Ведьмино отродье - Булыга Сергей Алексеевич. Страница 47
Рыжий прибрал — поворошил золу, спрятал перо, чернильницу, поспешно сел в дальнем углу…
И почти сразу же вошли ученики — их было четверо, все как один еще небитые юнцы, — учитель слабо их приветствовал и разрешил им присесть. И начался урок…
Что? Как ты все это назвал?! Урок? Не кощунствуй! Да ведь после того, о чем здесь только что было говорено, слушать о том, о чем они сейчас учитель и ученики — со всей серьезностью…
Но все-таки не горячись. Не забывай, с кем ты и где ты находишься. Пансион для отпрысков закрытого сословия — то есть чиновников — готовит только первый, то есть самый низший их класс.

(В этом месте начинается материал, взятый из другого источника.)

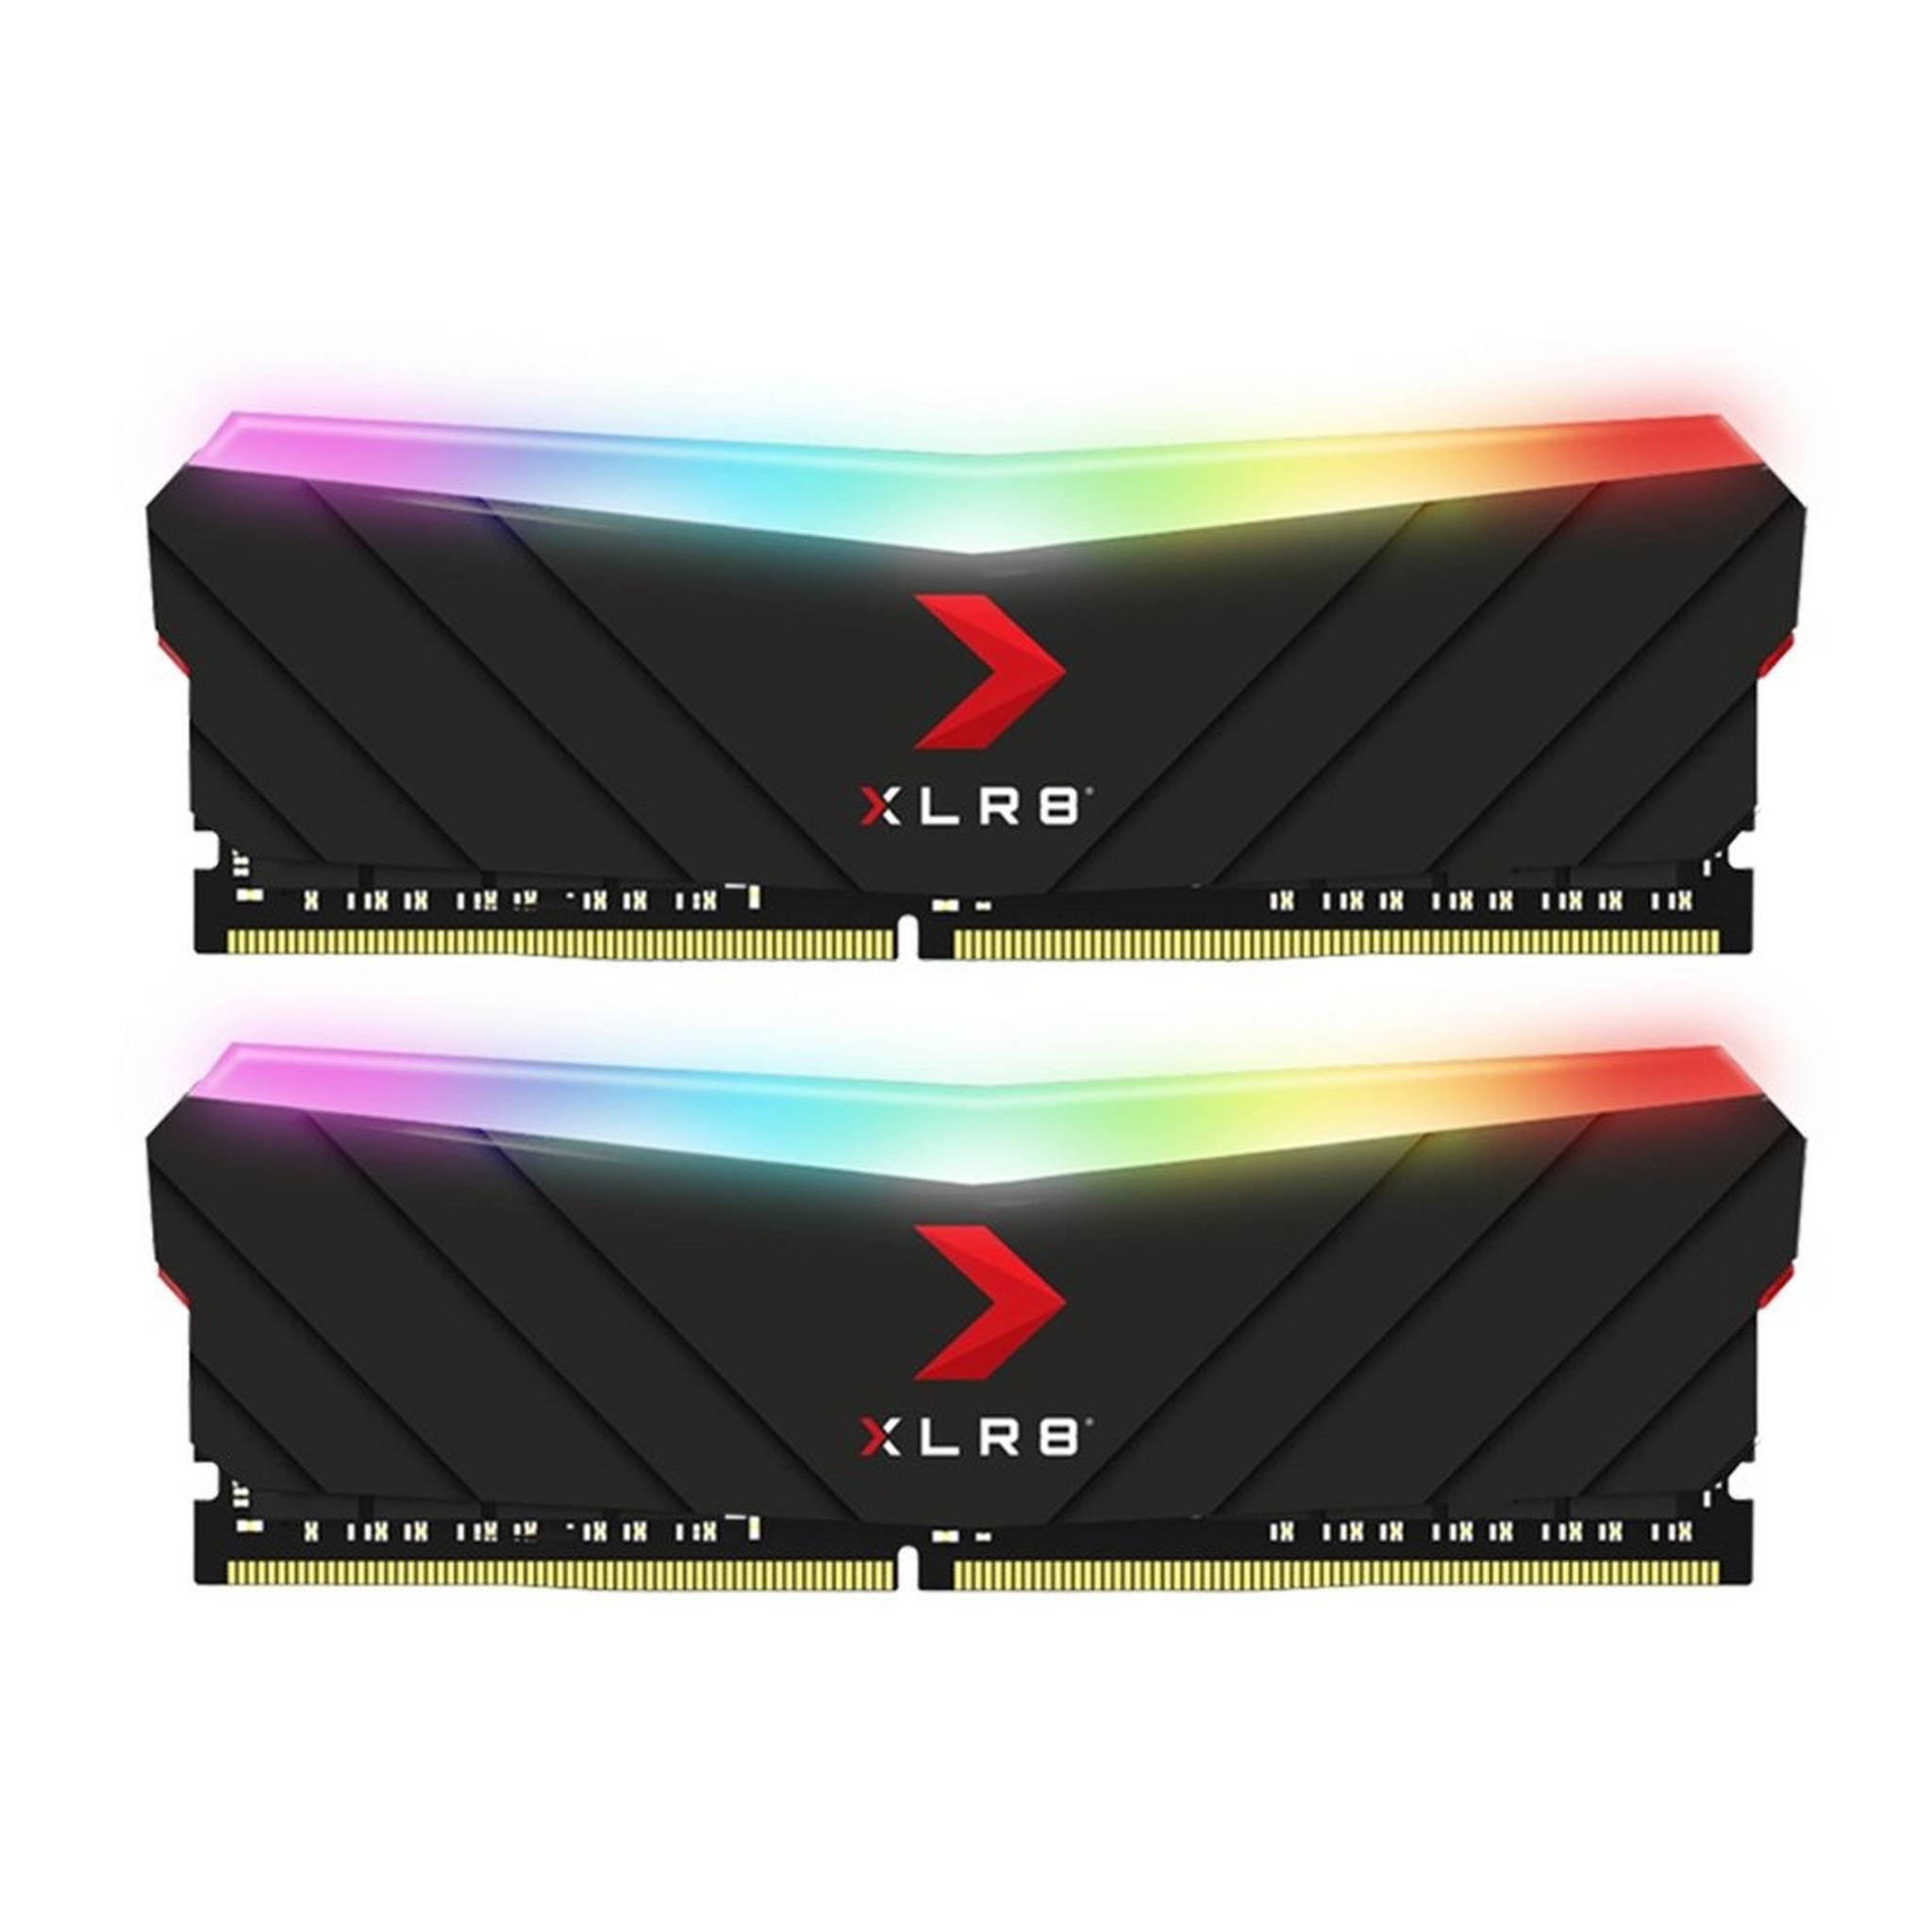 PNY XLR8 Epic X RGB-DDR4 3600mHz 2*16GB Gaming Desktop Memory - Black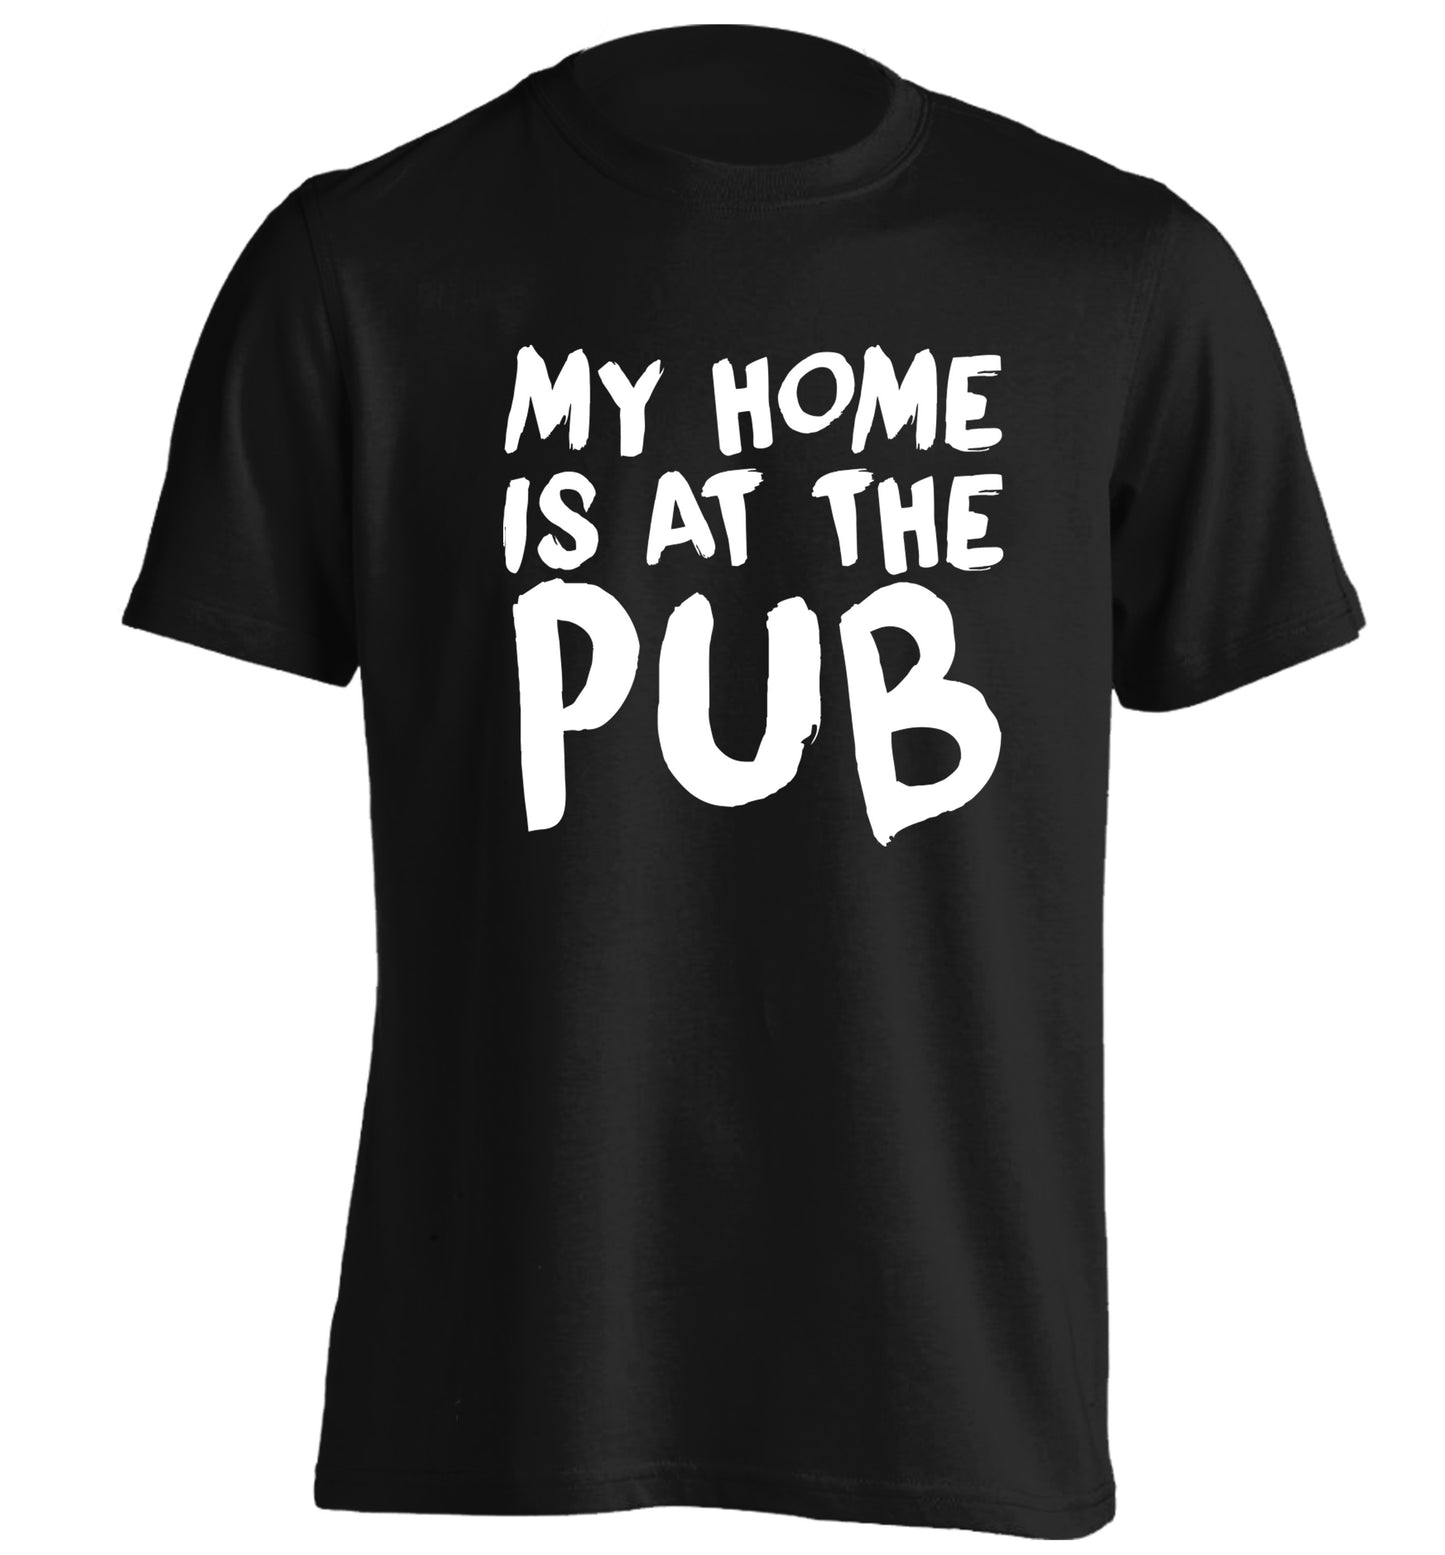 My home is at the pub adults unisex black Tshirt 2XL

Правда, кому-нибудь из наиболее усидчивых могут присвоить и второй, но такое здесь случается крайне редко, в лучшем случае раз в два-три выпуска. А так, закончив обучение, юноши разъезжаются по провинциям и заступают в департаменты на бросовые, худшие вакансии. Чиновник — это тот же раб, он абсолютно несвободен в выборе; куда его пошлют, туда он и отправляется, и будет там служить, пока… Вот именно — до самого «пока»! Даже простой солдат — и тот может купить себе отставку, чиновник же лишен и этого, он служит до конца. Мало того: чтобы чиновник не пускал корней, не обрастал знакомствами и связями, он постоянно в переводах: сегодня, к примеру, проходит по почтовому ведомству, а завтра уже в налоговом, а через месяц и вовсе где-нибудь в шахтах. И, главное, как ты, простой чиновник, ни служи, а пятый класс — вот твой высший предел, верх на служебной лестнице, а дальше уже начинаются «посты», то есть места для высшего сословия — фамилий. Вот так-то! И эти юноши отучатся, уедут. Так нужно ли им то…
Но, правда, и Юрпайс с ними не строг. Вот, он и сейчас им говорит:
— Да, диск, на коем мы живем, измерен. И пять небесных сфер над ним уже постигнуты. А ну-ка перечислите мне сферы! Вот, скажем, ты!..
И слушает ученика, благосклонно кивает. И задает еще один вопрос, и вновь идет самый серьезный подсчет того, сколько же конкретно песчинок вмещает в себя полусфера второго небесного яруса. А после этого ученикам предлагается доказать две леммы из теории конических сечений, потом решить задачу из четвертого раздела Изопериметрических Начал, потом прочесть двустишия из Геометрии Движения… Ну, и так далее. Бред, да и только! Рыжий сидел в углу, молчал, рассеянно листал потертый манускрипт, в котором то и дело попадались отменно выполненные чертежи. Вот, например, икосаэдр, вот додекаэдр… Юрпайс представил тебя отпрыскам своим коллегой из провинции, пусть так. Но что он говорит! Чему он учит?! Р-ра! Но, главное, как они его слушают! Они же ему верят — безгранично! А он… Да, с ними он — как добрый дедушка, который в тоже время утверждает…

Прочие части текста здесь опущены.